# Loading plug-in files failed



## Gun' (Dec 27, 2008)

I am having a problem of opening jpeg files. I never deleted or modifiled these jpeg files. I tried to open them up today and I got an error message as follows:
" Lodaing of one or more plug-in files failed. The plug-in files may be corrupt or invalid"

I badly need these files. I see the files in the folder with all the infomation like file extension, size...etc. What should I do? Pls help me.

Gune'


----------



## koala (Mar 27, 2005)

Hi, welcome to TSF

What program are you using to view the files?

Can you see them in Windows Explorer using right-click > Preview?
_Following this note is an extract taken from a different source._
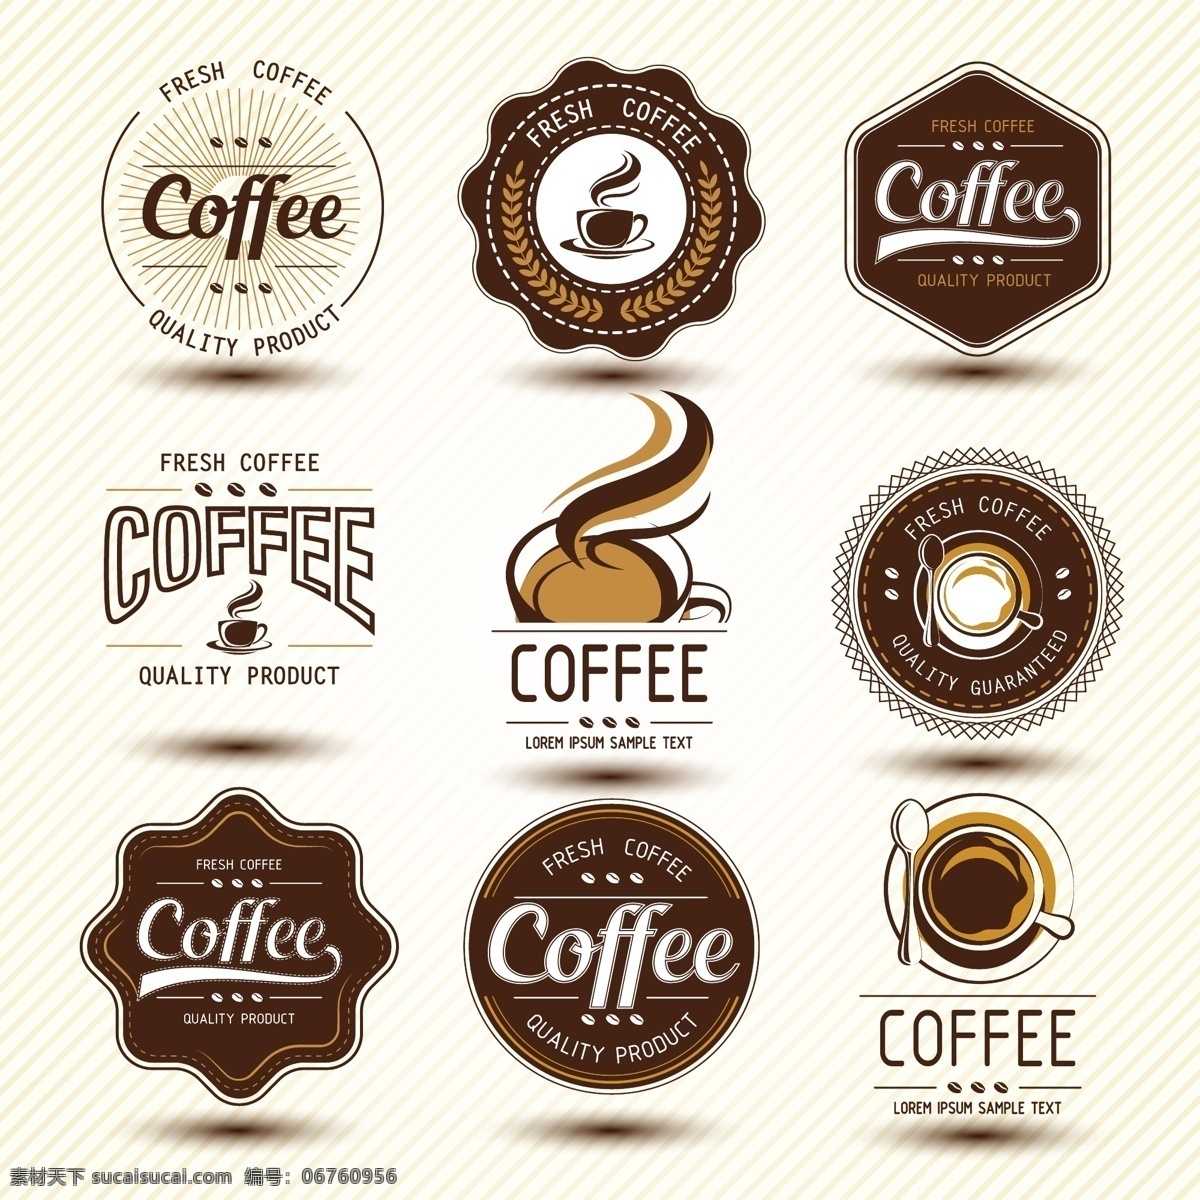 咖啡标签 咖啡logo coffee 复古标签 咖啡 欧式标签 标签设计 咖啡杯 咖啡设计 咖啡手绘 咖啡图标 咖啡时间 咖啡豆 咖啡馆 咖啡标志 咖啡店 咖啡元素 咖啡店图标 logo 咖啡商标

It sounds like your image editing program is faulty or needs the jpeg plugin to be reinstalled.


----------



## RUGRLN (Apr 29, 2008)

I'm guessing you are using Photoshop? Could be a faulty plug in, if Ps..
Did you try opening it with Windows Picture Fax Viewer or Photo Gallery in Vista..
Which ever photo viewing program you are using, one things for sure, you need to reinstall the plug in possibly for JPG which might be corrupted.


----------



## Gun' (Dec 27, 2008)

I think you are right. I tried to open my jpeg files in Windows Explorer, Windows Picture Fax Viewer, Corel Photo Paint but no luck. How do I reinstall the plugs? 
I badly need help. Thanx for replies.


----------



## Gun' (Dec 27, 2008)

*Plug in files corrupted*

I want to re install plug in files in order to see my jpeg files in Corel Photo Paint. Pls. someone help me. I have no clue how to re-install the plug in files. I cannot open these files any program including Internet Explorer, Windows Picture and Fax Viewer...etc. Whenever I tried to open them I get the following message.

" Lodaing of one or more plug-in files failed. The plug-in files may be corrupt or invalid"


----------



## dm01 (Oct 10, 2006)

Sounds like part of your Windows install is corrupt. Do you have a System Restore point from before this happened?


----------



## Gun' (Dec 27, 2008)

I am a stranger to IT and don't know that much about computer stuff. I don't have a System Restore point ( I don't know what this is? I you talking about system back up? NO, I don't have.)


----------